▸ ACTION ITEM:
Retype, exactly and with both ends included, the lines below from the one containing "Upstairs bathroom." through the end; omit the pictures.
RAW DATA: Begin
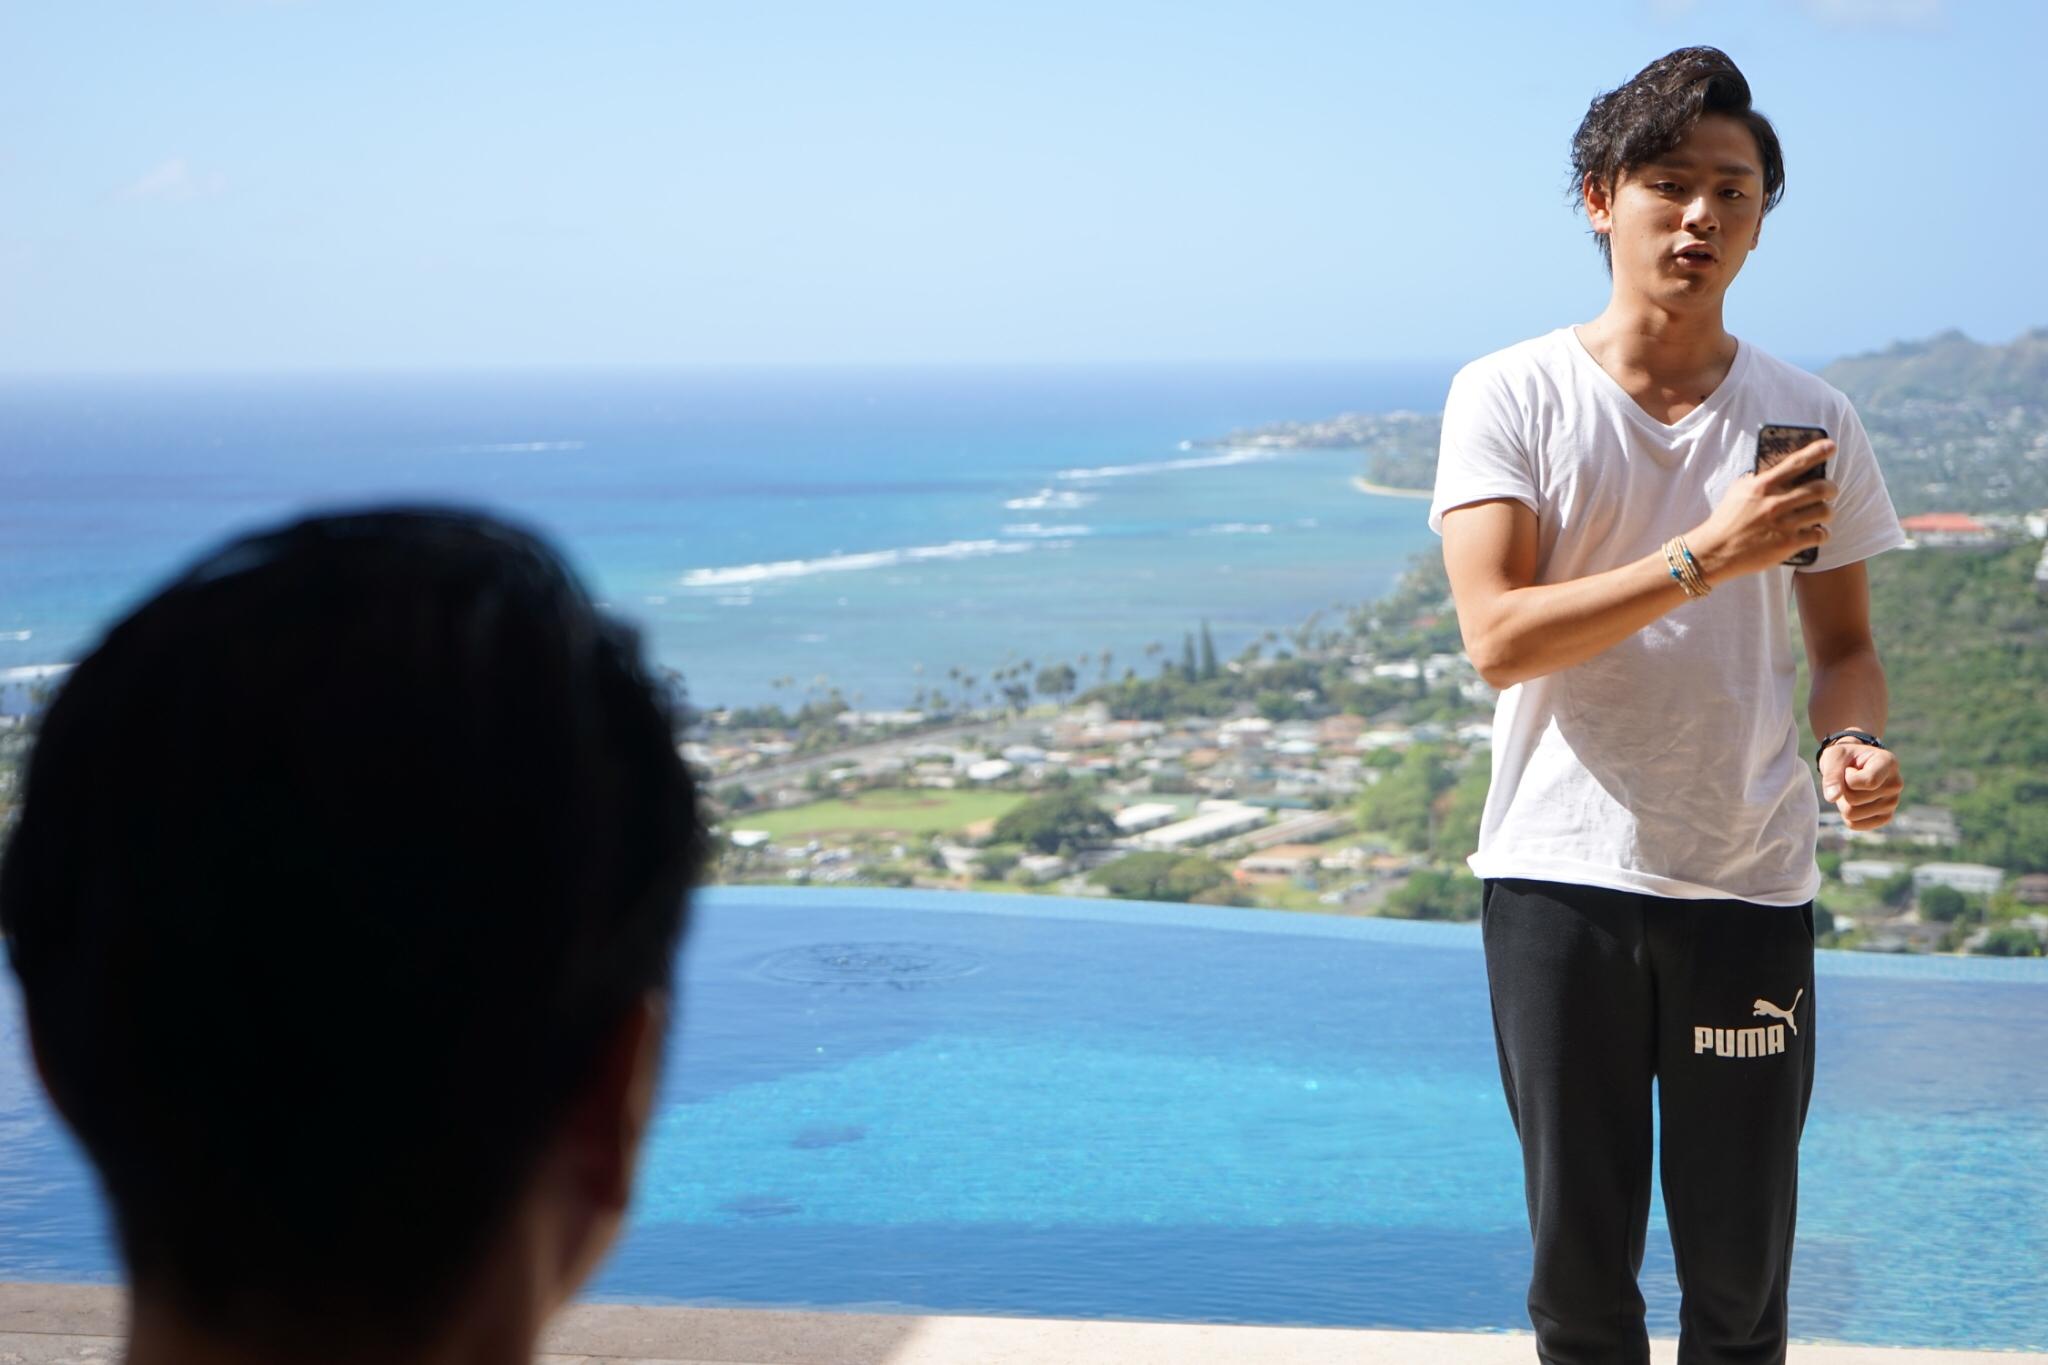 【Hawaii】採用責任者からのフィードバック風景
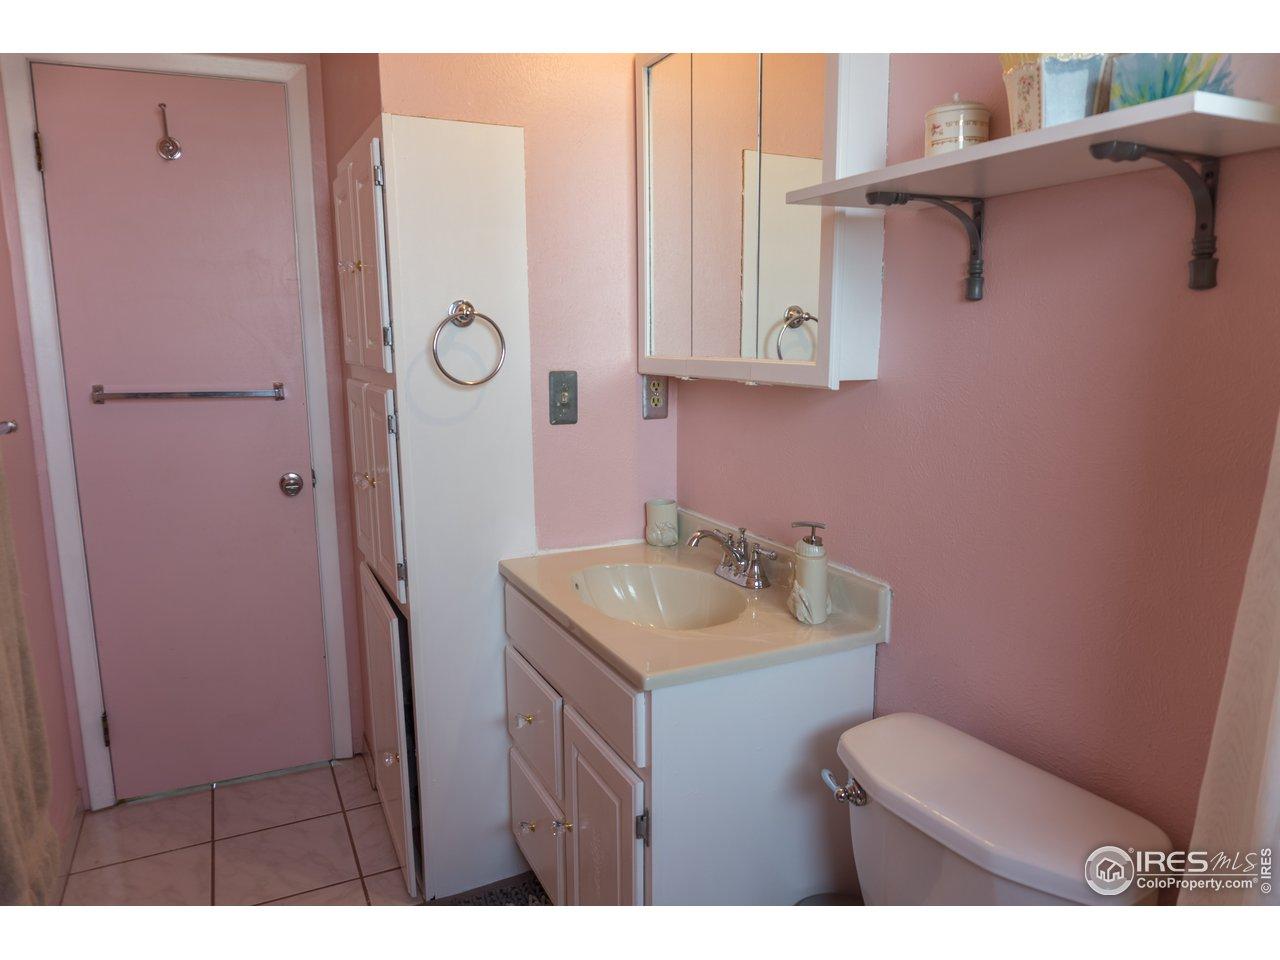 Upstairs bathroom.
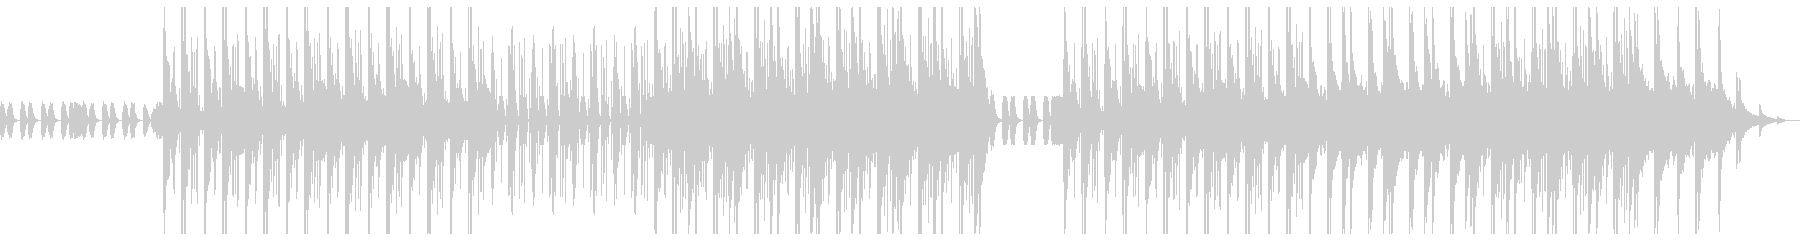 ダークな雰囲気のトラップビート ピアノの未再生の波形
RAW DATA: End
▸ THE ANSWER:
 Upstairs bathroom.
 ダークな雰囲気のトラップビート ピアノの未再生の波形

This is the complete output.